When another through platform was added (actually reinstated) it became P4, so the real order is 1/3/2/4.

Link to post
Share on other sites

  • RMweb Premium

Edinburgh Waverley is numbered clockwise going from Platform 1 at the NE around to platform 20 which is at the NW (and actually a  continuation of platform 1!)

 

Just to be confusing I think platforms 8 & 9 have E & W ends

Edited by melmerby
  • Like 2
Link to post
Share on other sites

  • RMweb Premium

Birmingham Moor Street as a terminus used to be numbered 1,2,3 from the Down side.

When the new through platforms opened and the terminus closed the new platforms were 1 & 2 from the Up side.

When two of the old platforms re-opened they became 3 & 4 (3 was previously 3 but 4 was previously 2.

Link to post
Share on other sites

On ‎30‎/‎08‎/‎2020 at 19:20, Mike_Walker said:

On the GWR the convention was to number from the Down side but, as with all such "rules", there were/are exceptions such as Bristol Temple Meads.

Bristol Temple Meads was a jointly run station by GWR and MR (later LMS). Not just the old station as from about 1880 to 1948 the running costs were split 5/8 GWR to 3/8 LMS. This might of determined platform number sequences, perhaps at other places where the GWR shared stations this was also true?

Link to post
Share on other sites

The Southern Railway had a rule that at terminal stations the platform numbers should run from left to right when viewed from the concourse, and they actually renumbered the platforms at a number of stations to conform with this rule, usually when other work was being done anyway. I have a vague recollection of coming across an exception to this rule somewhere but I can't now remember where. The rule did have the rather odd effect that platform 1 was sometimes an obscure and little-used bay.

  • Like 1
Link to post
Share on other sites

  • RMweb Premium

Toronto (Canada) Union Station for the better part of 100 years had platforms numbered from the station building, 1 to 12 or 14 (I forget exactly). Most of them alternated a passenger platform with a baggage platform and odd and even tracks were accessed from opposite sides of the underground (undertrack?) walkway.

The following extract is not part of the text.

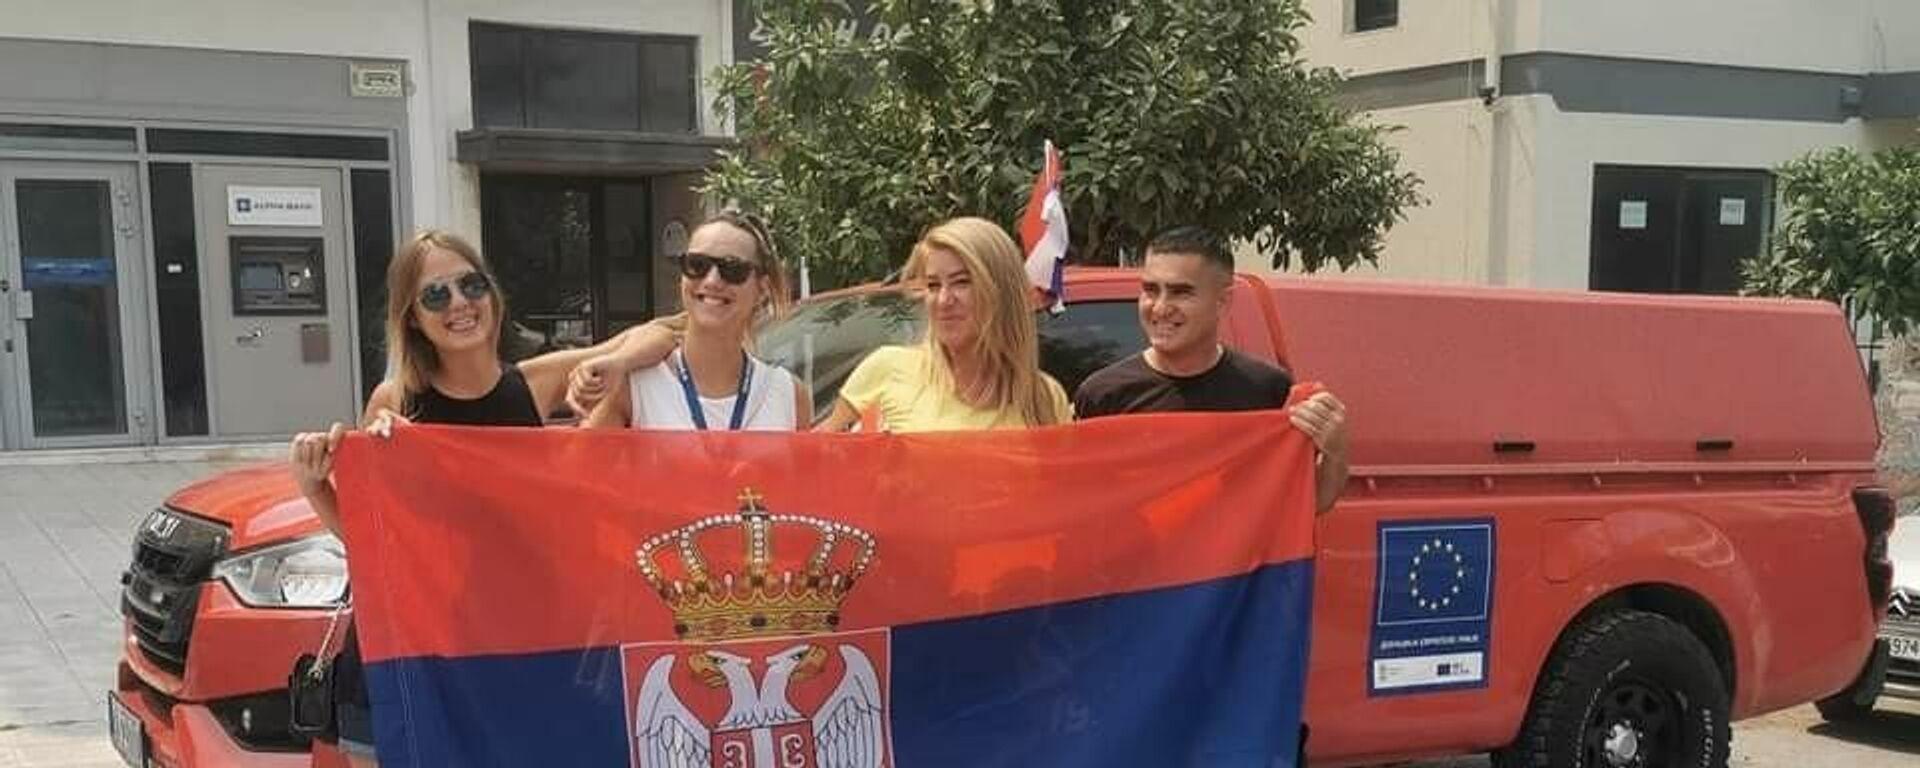 Српски ватрогасци стигли на Евију - Sputnik Србија, 1920, 09.08.2021

Since I retired the station has been (is being) majorly rebuilt and the commuter area moved from one end to the other. Platforms 1 to 3 are now in the subway station (3 is a streetcar line) and the numbers seem to go up to the 23 range.

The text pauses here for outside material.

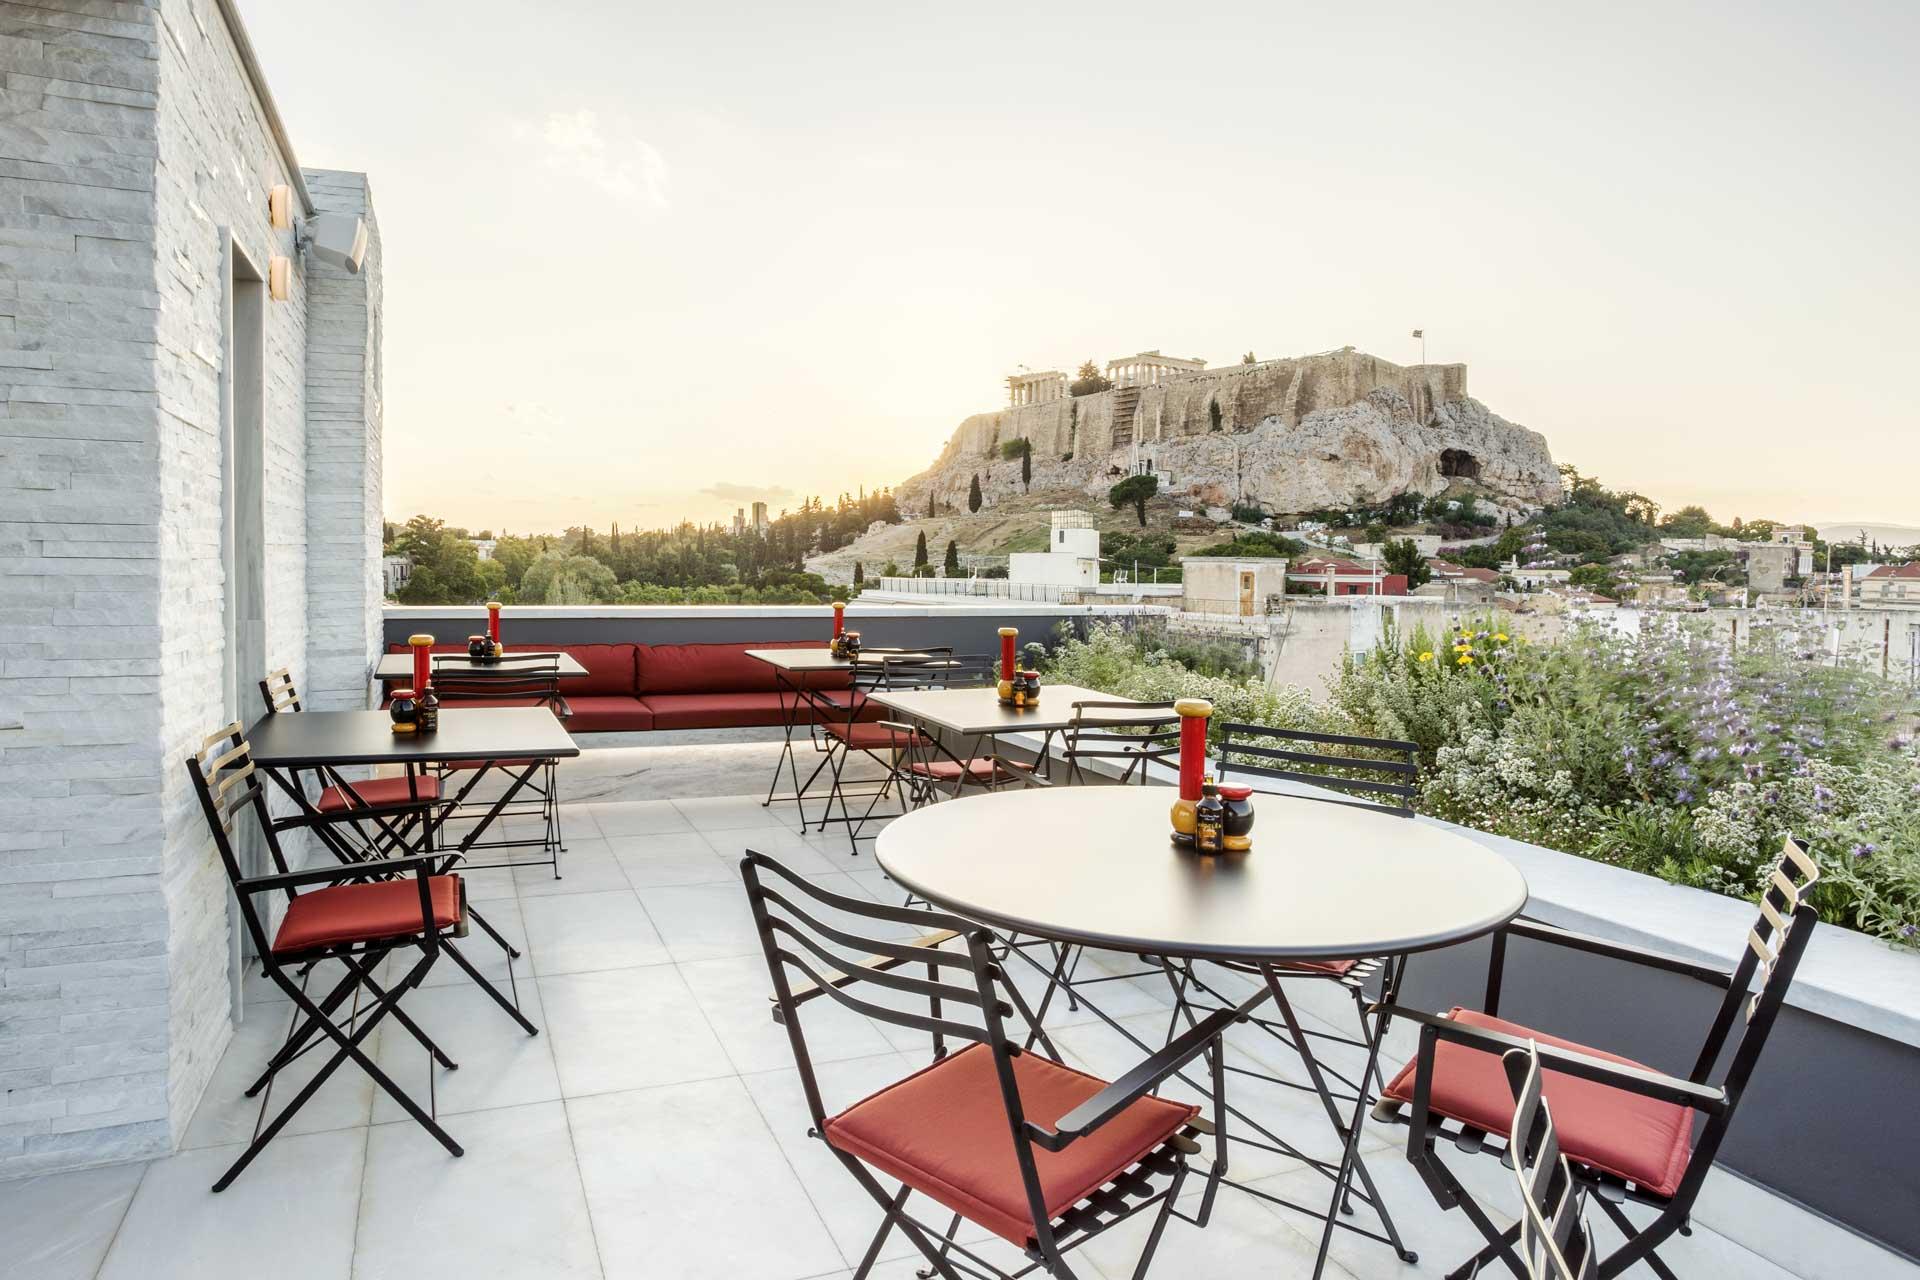 Au-delà de son patrimoine incomparable, Athènes est aussi une capitale ancrée dans son temps avec son lot d'adresses chics ou branchées, idéales pour une escale prolongée avant de efiler sur les îles ou un city break dédié. Sélection des meilleurs hôtels, restaurants, bars et autres spots à découvrir.

Nobody in authority will tell you which platform to use until the train appears on the display by which time the regular users have filled all the seats. (We now only go there twice a year.)

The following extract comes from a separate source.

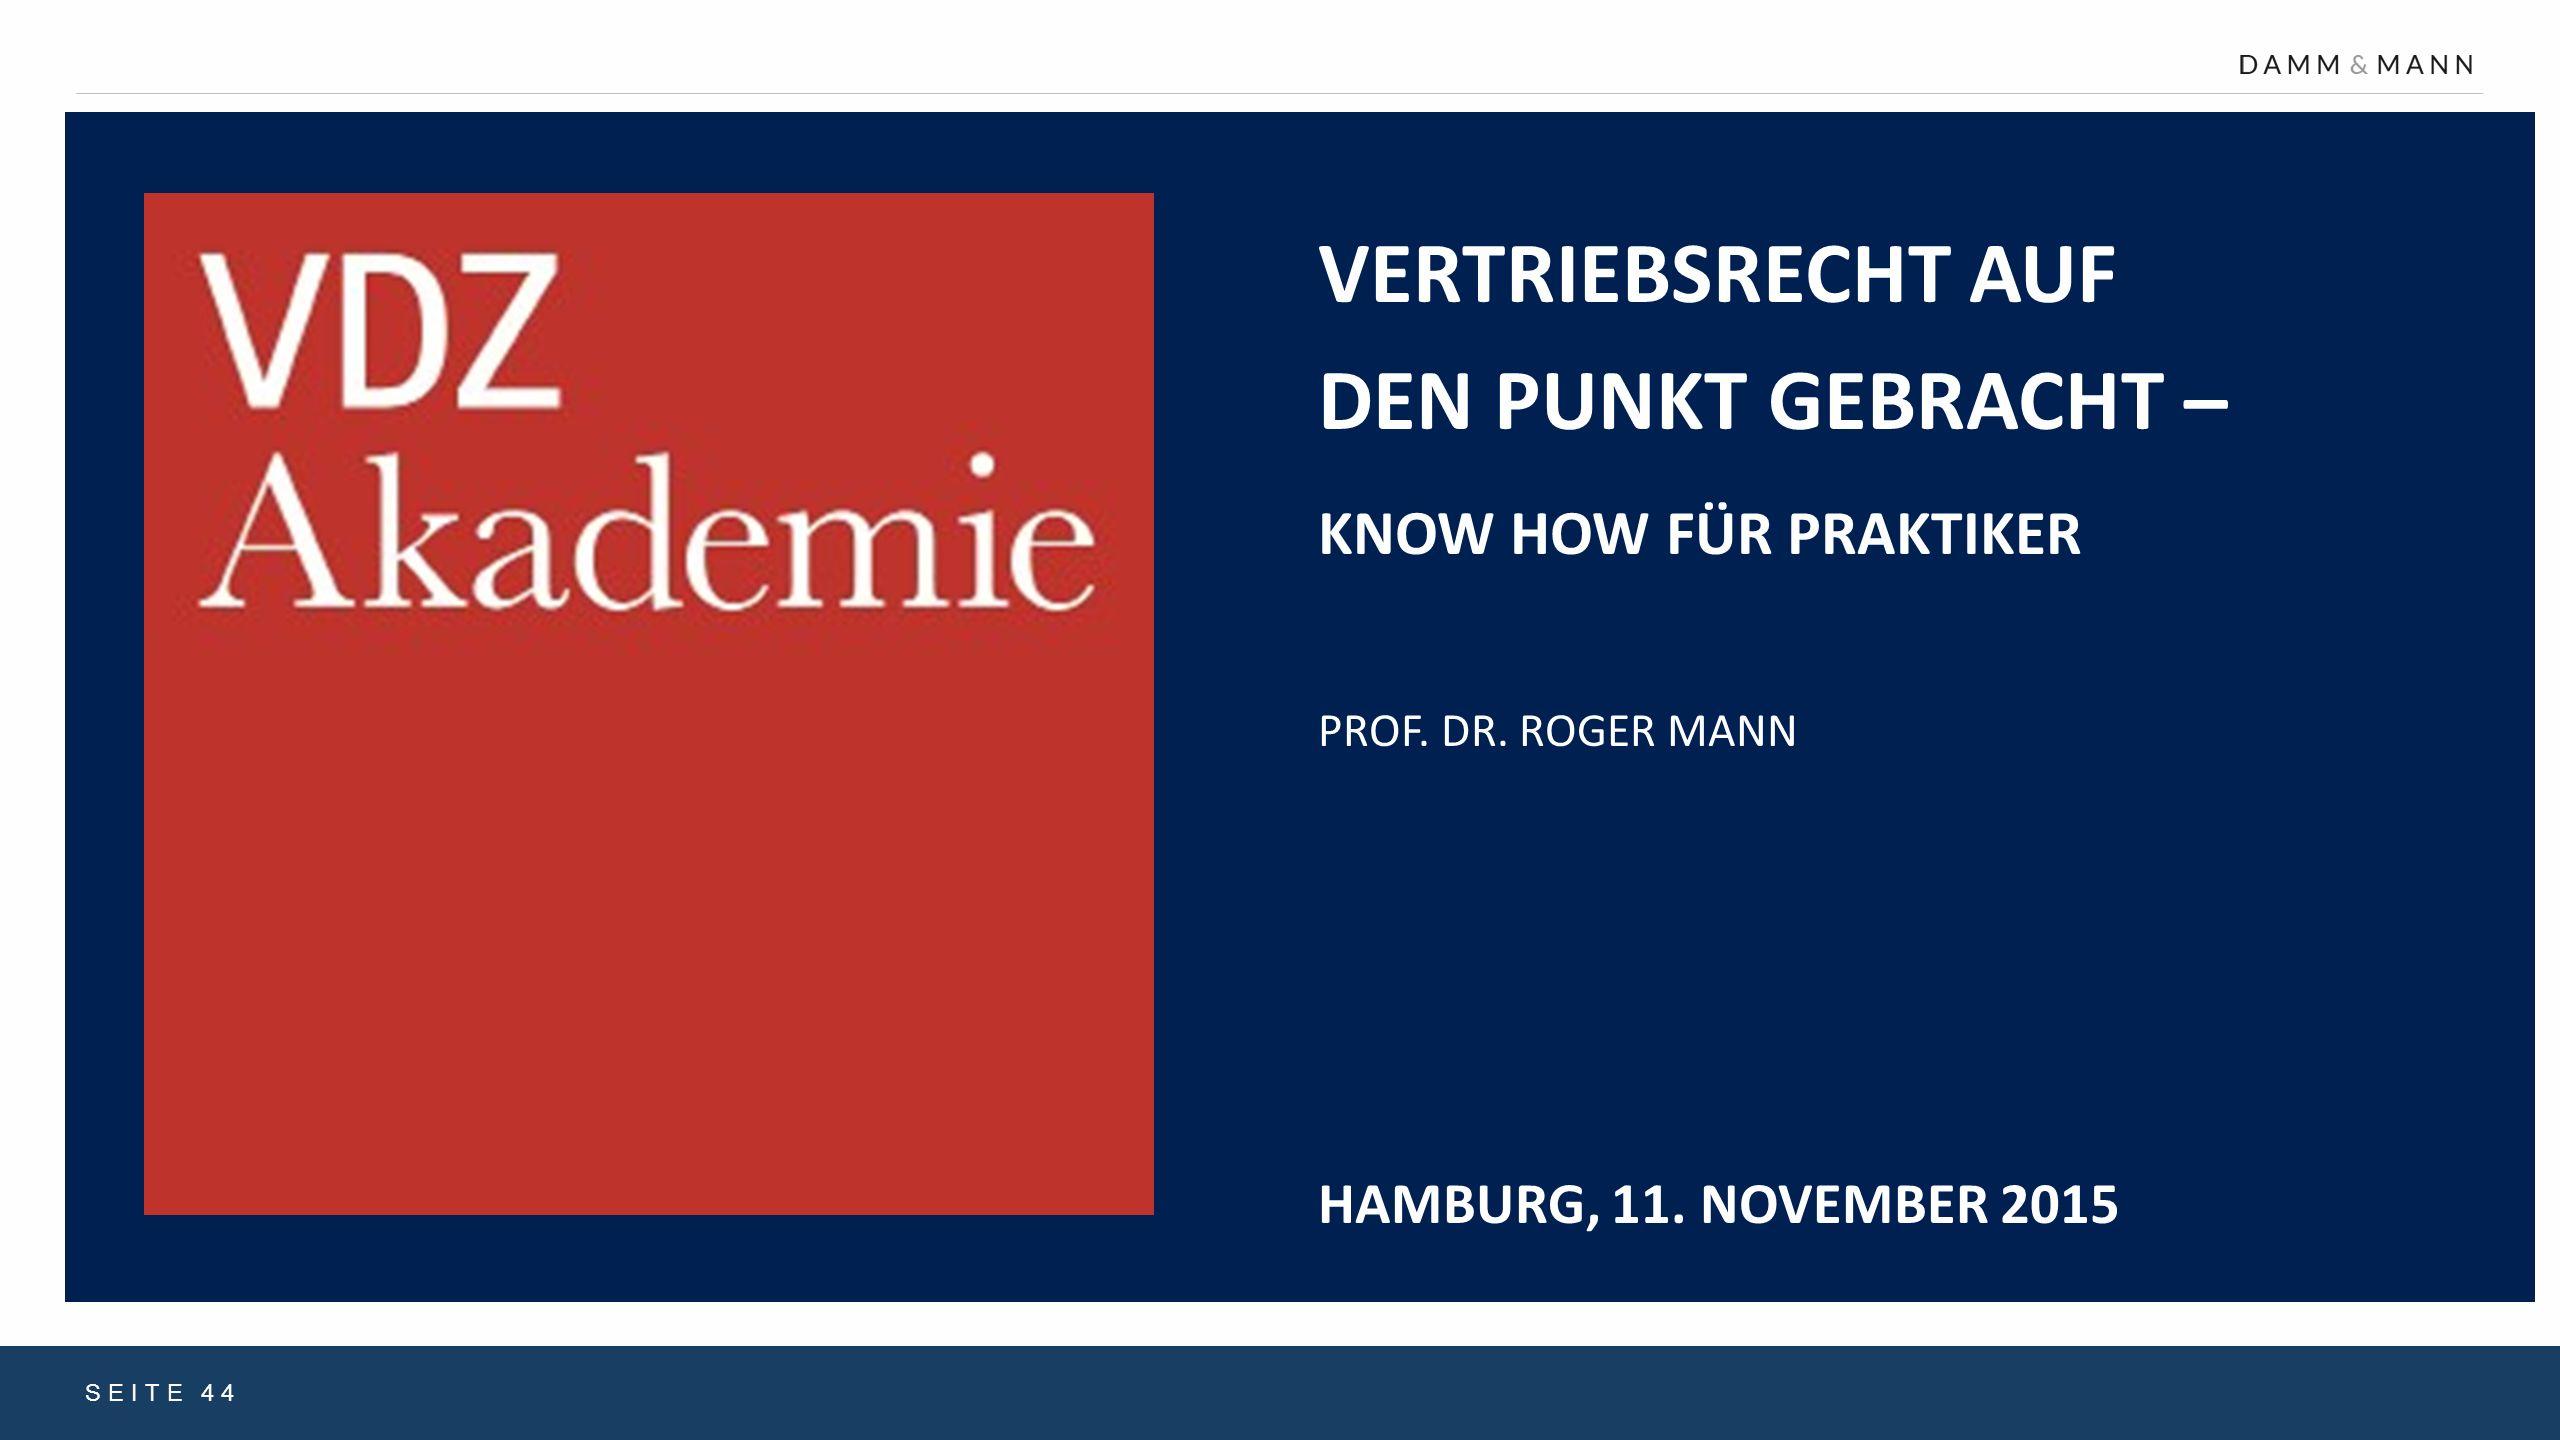 SEITE 44 VERTRIEBSRECHT AUF DEN PUNKT GEBRACHT – KNOW HOW FÜR PRAKTIKER PROF. DR. ROGER MANN HAMBURG, 11. NOVEMBER 2015

(Note: station building is on city/north side of the tracks. Tracks were on the lakeshore or possibly on fill in the lake.)

 

Link to post
Share on other sites

16 hours ago, phil-b259 said:

 

Done for the same reason as Waterloo East has letters rather than numbers.

 

In both cases it makes it clear that we are dealing with two totally separate stations despite them both being part of a single transport hub and linked by undercover walking routes.

 

Doesn't Cardiff Queen Street also use letters due to its proximity to Cardiff Central?

 

Waterloo East makes sense.  The St.Pancras scenario sort of makes sense as the Thameslink platforms are underground (although the similar arrangement at Glasgow Central LL for example doesn't use letters).  The Cardiff one doesn't make any sense at all to me.  Neither does New Cross which also has letters supposedly to distinguish it from New Cross Gate whereas Catford and Catford Bridge are closer than New Cross and New Cross Gate yet they both have numbers 1 and 2. 

  • Like 1
Link to post
Share on other sites

21 minutes ago, DY444 said:

 

Waterloo East makes sense.  The St.Pancras scenario sort of makes sense as the Thameslink platforms are underground (although the similar arrangement at Glasgow Central LL for example doesn't use letters).  The Cardiff one doesn't make any sense at all to me.  Neither does New Cross which also has letters supposedly to distinguish it from New Cross Gate whereas Catford and Catford Bridge are closer than New Cross and New Cross Gate yet they both have numbers 1 and 2. 

Or you could adopt the Paris solution, where some or all of their interlinked multiple-station complexes have a single series of numbers throughout.  You see platform numbers in the 30s and 40s but I think they start at a new multiple of 10 for each of what we would consider as separate stations.  

  • Agree 1
Link to post
Share on other sites

  • RMweb Premium
11 hours ago, melmerby said:

Birmingham Moor Street as a terminus used to be numbered 1,2,3 from the Down side.

When the new through platforms opened and the terminus closed the new platforms were 1 & 2 from the Up side.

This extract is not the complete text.